→ **Information shown**:

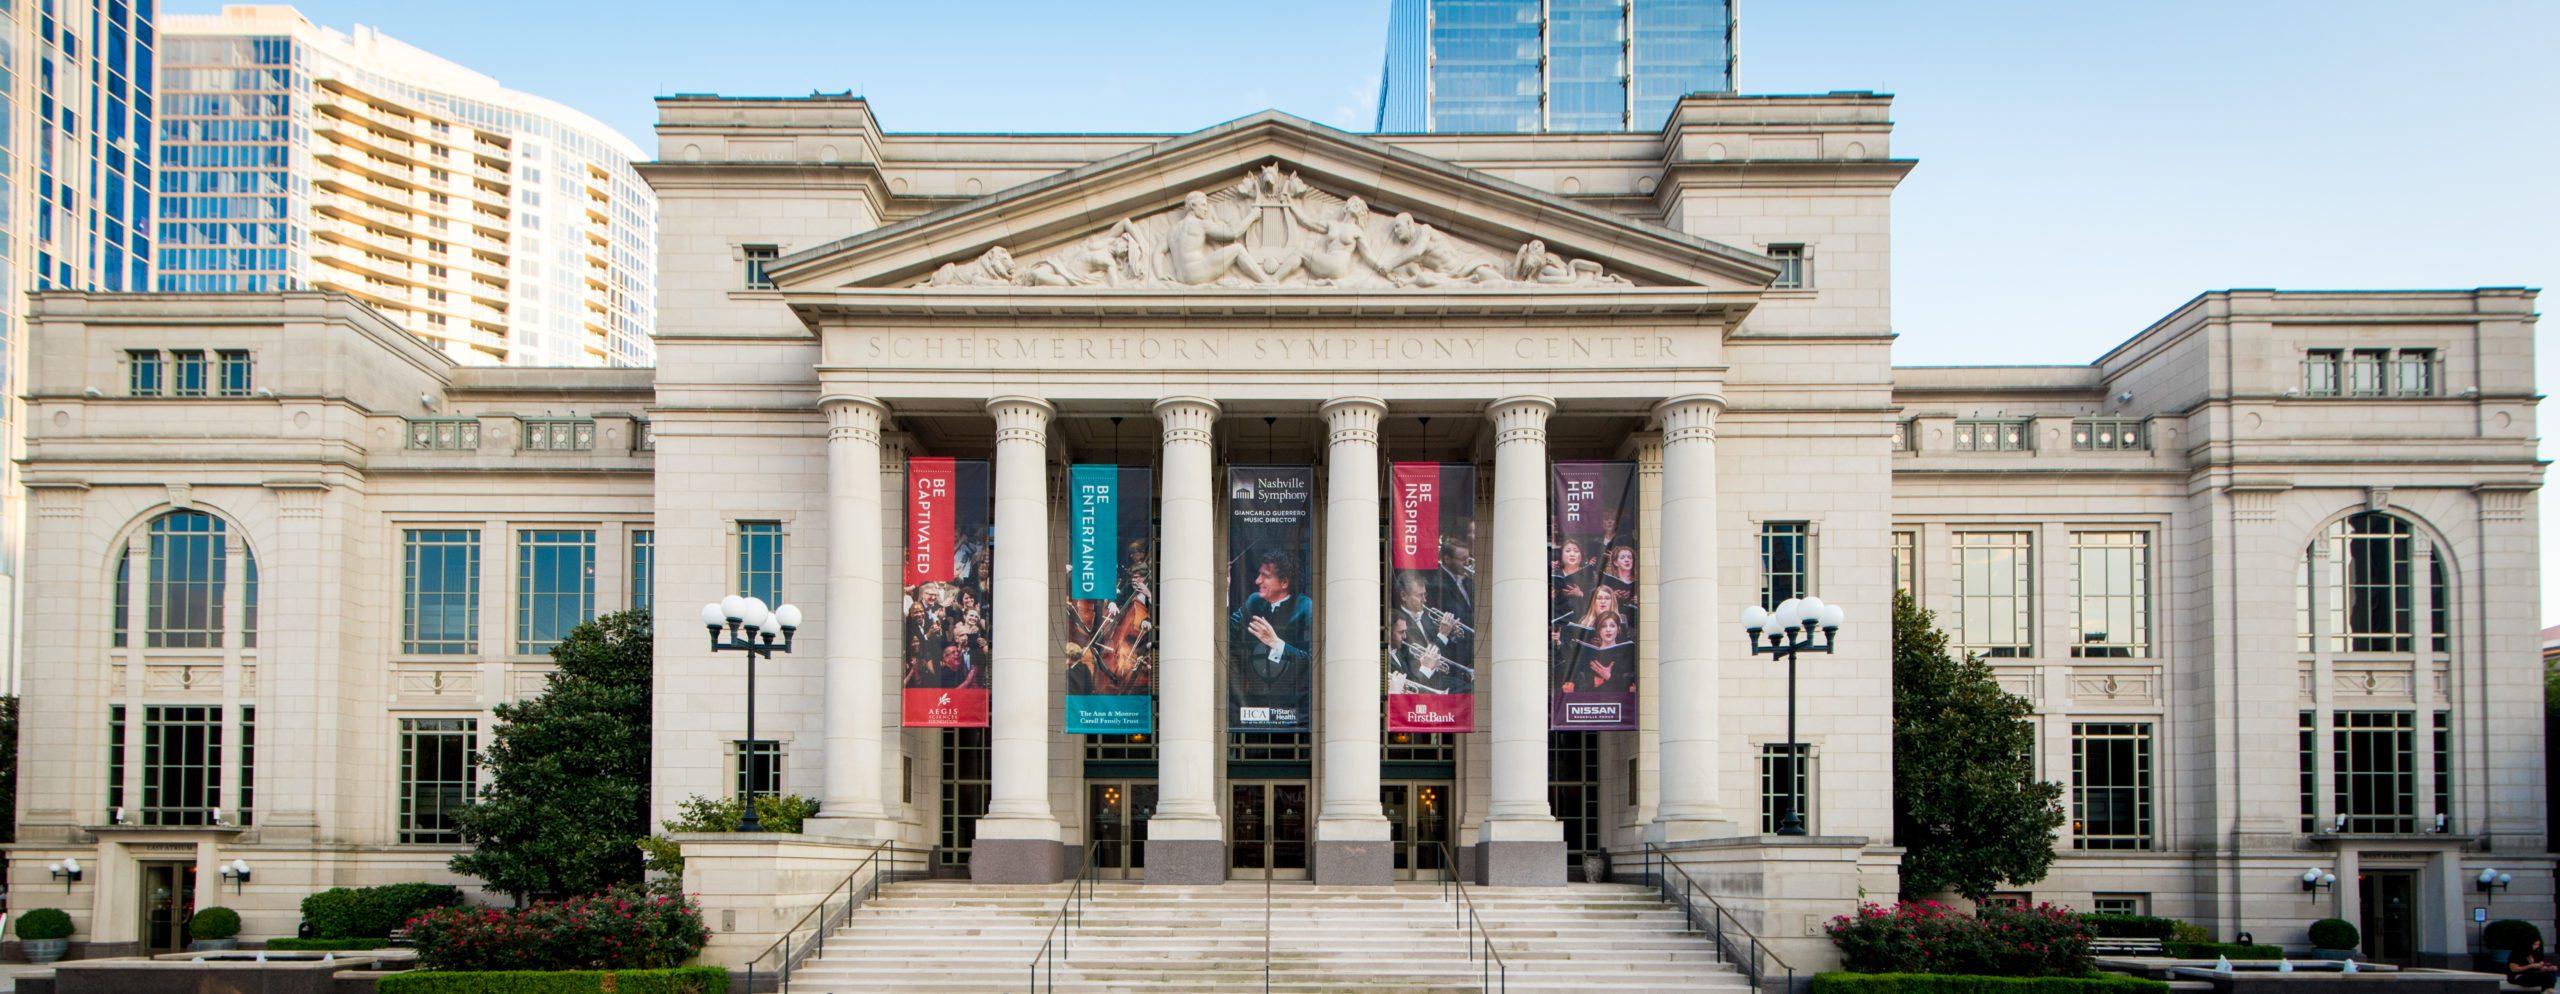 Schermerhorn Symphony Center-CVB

==

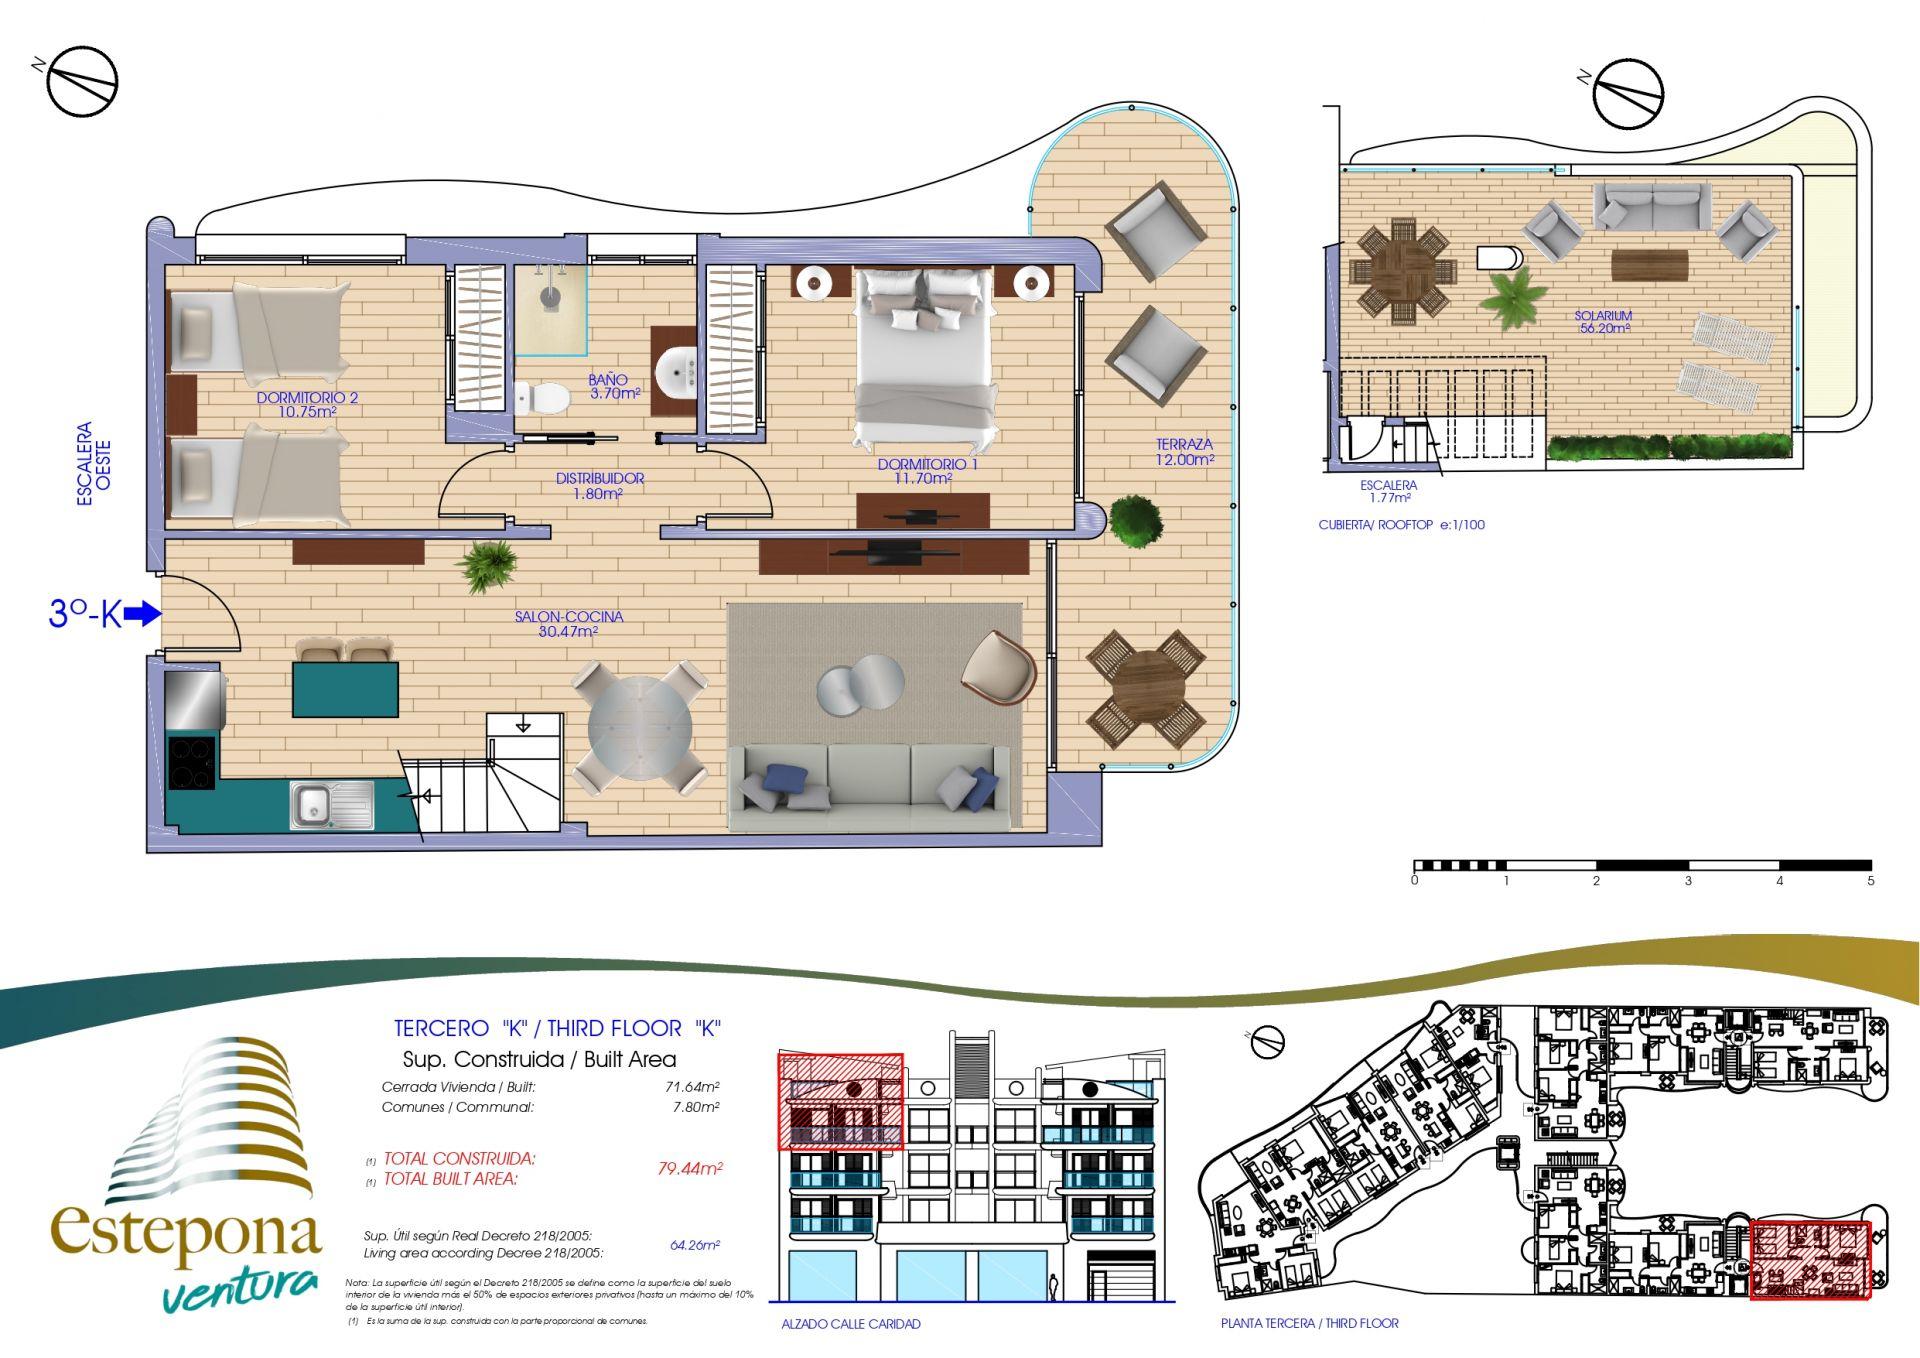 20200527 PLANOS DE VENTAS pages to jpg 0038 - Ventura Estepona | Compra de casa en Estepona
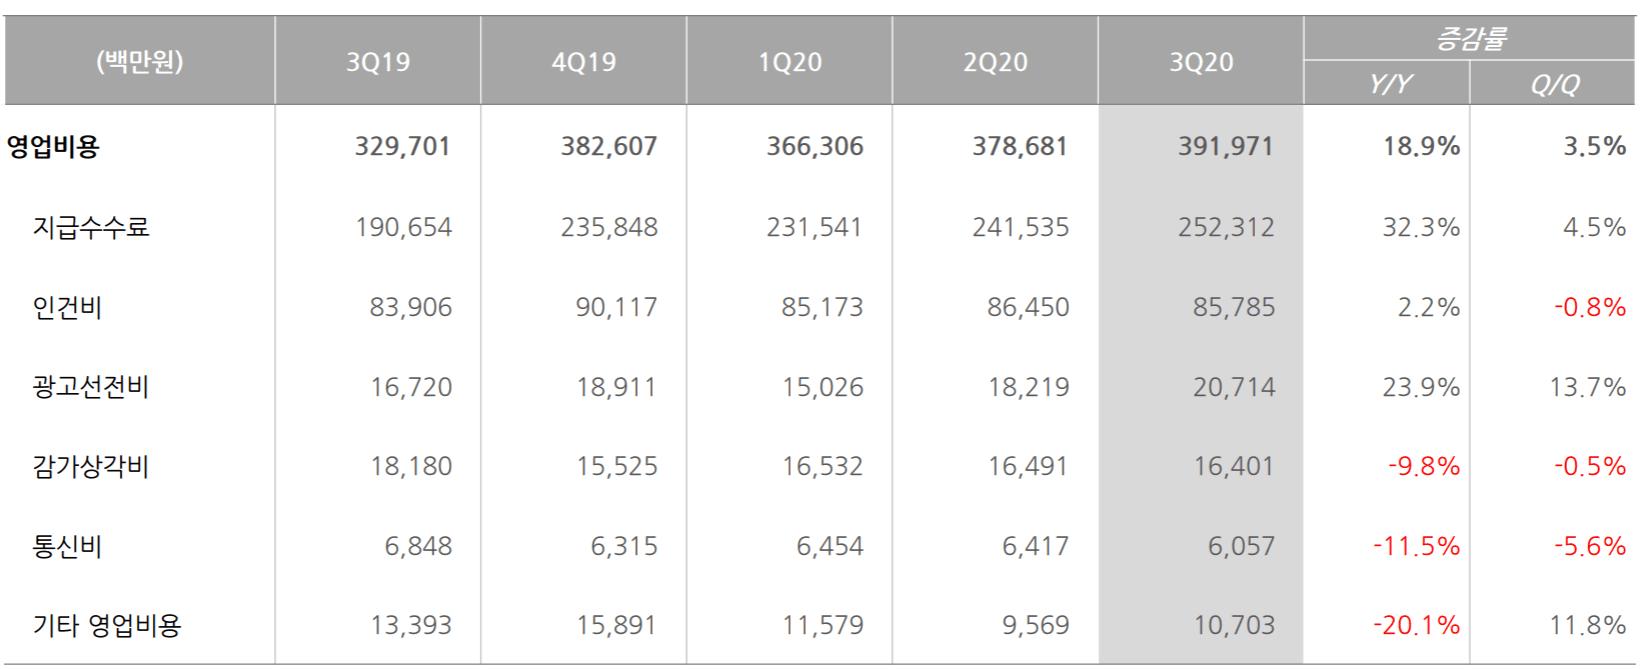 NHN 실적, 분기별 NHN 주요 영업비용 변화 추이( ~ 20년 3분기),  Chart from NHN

==

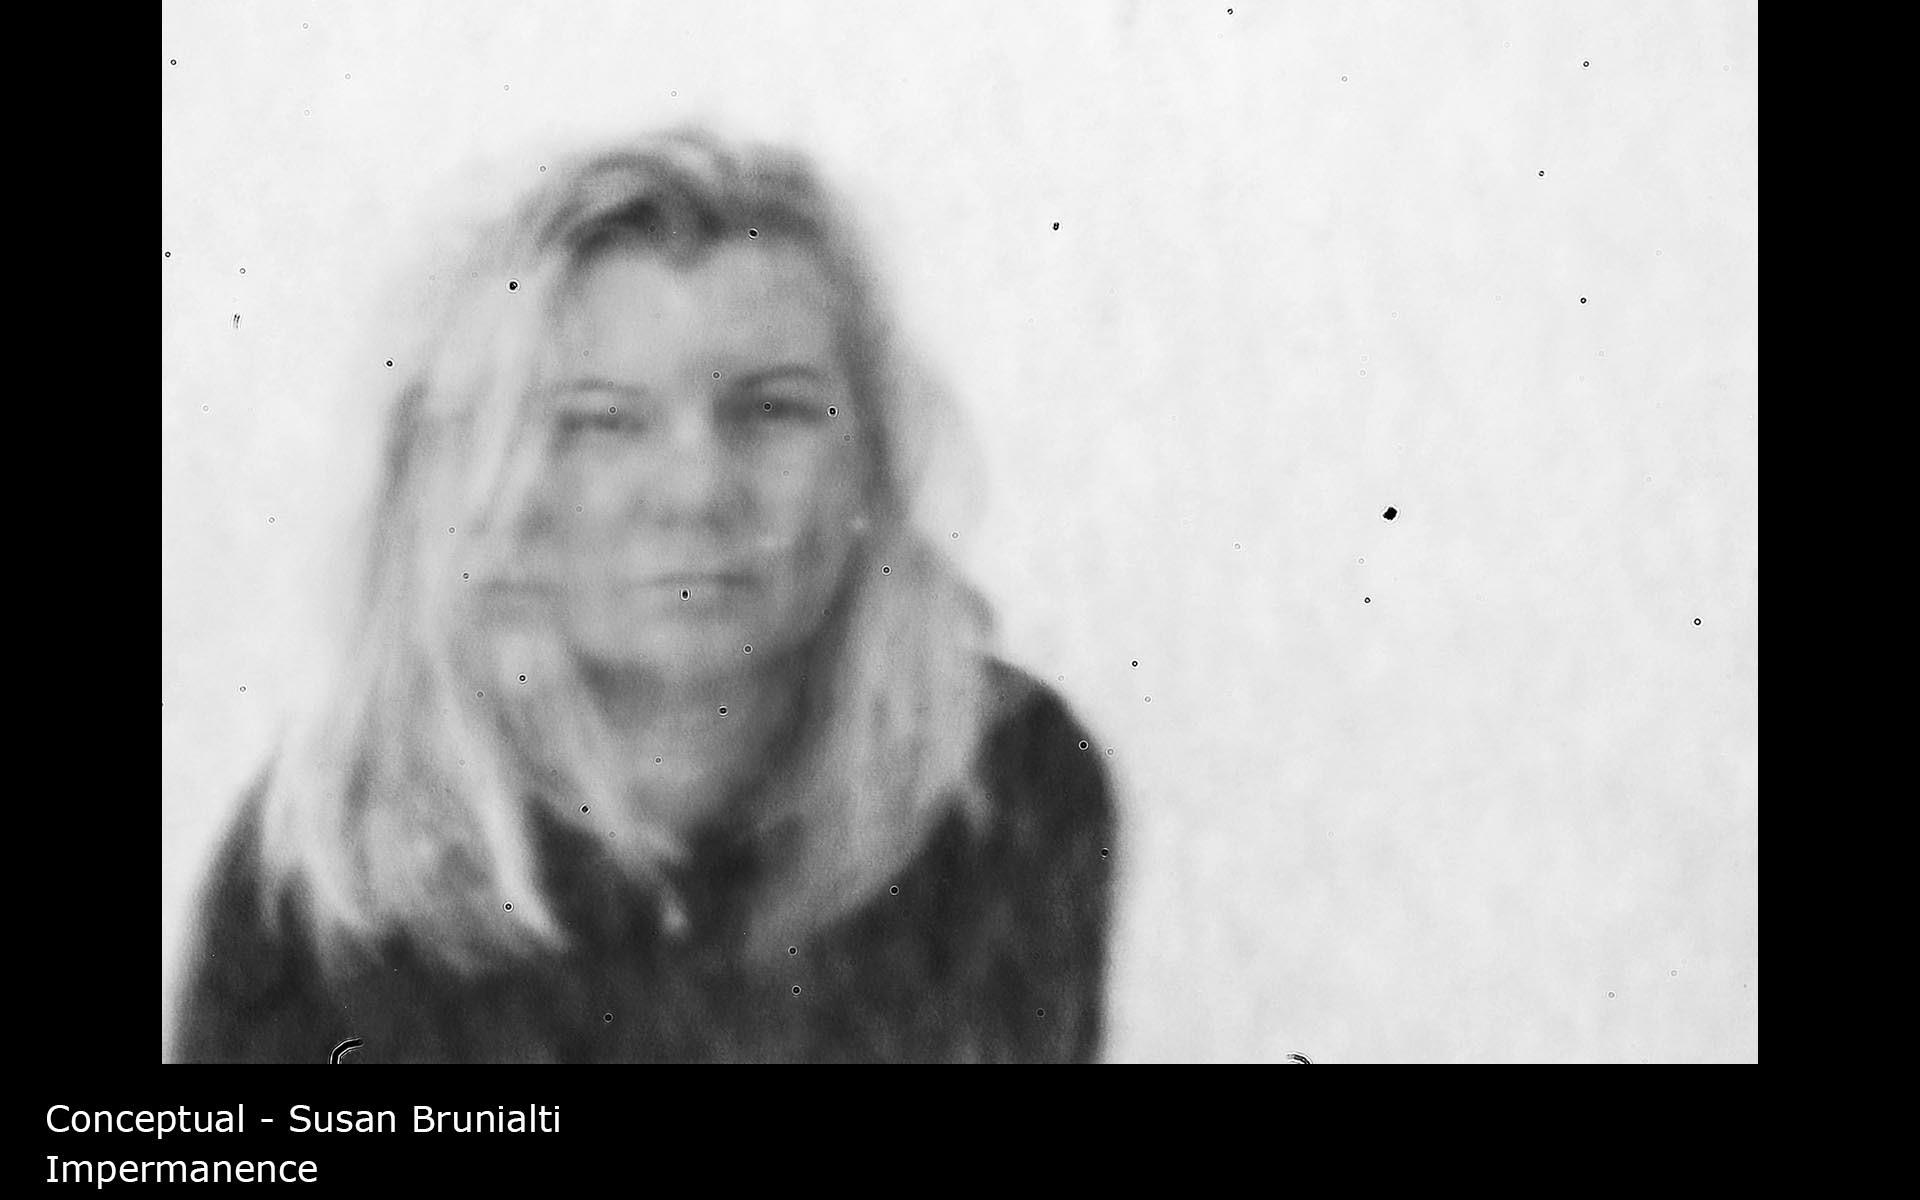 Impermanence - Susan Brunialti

→ **Work item**:
Exactly the lines starting at the one above with "20200527 PLANOS DE" and ending at the one with "NHN 실적, 분기별" should be printed, and nothing else. Omit the pictures.

→ **Task output**:
 20200527 PLANOS DE VENTAS pages to jpg 0038 - Ventura Estepona | Compra de casa en Estepona
 NHN 실적, 분기별 NHN 주요 영업비용 변화 추이( ~ 20년 3분기),  Chart from NHN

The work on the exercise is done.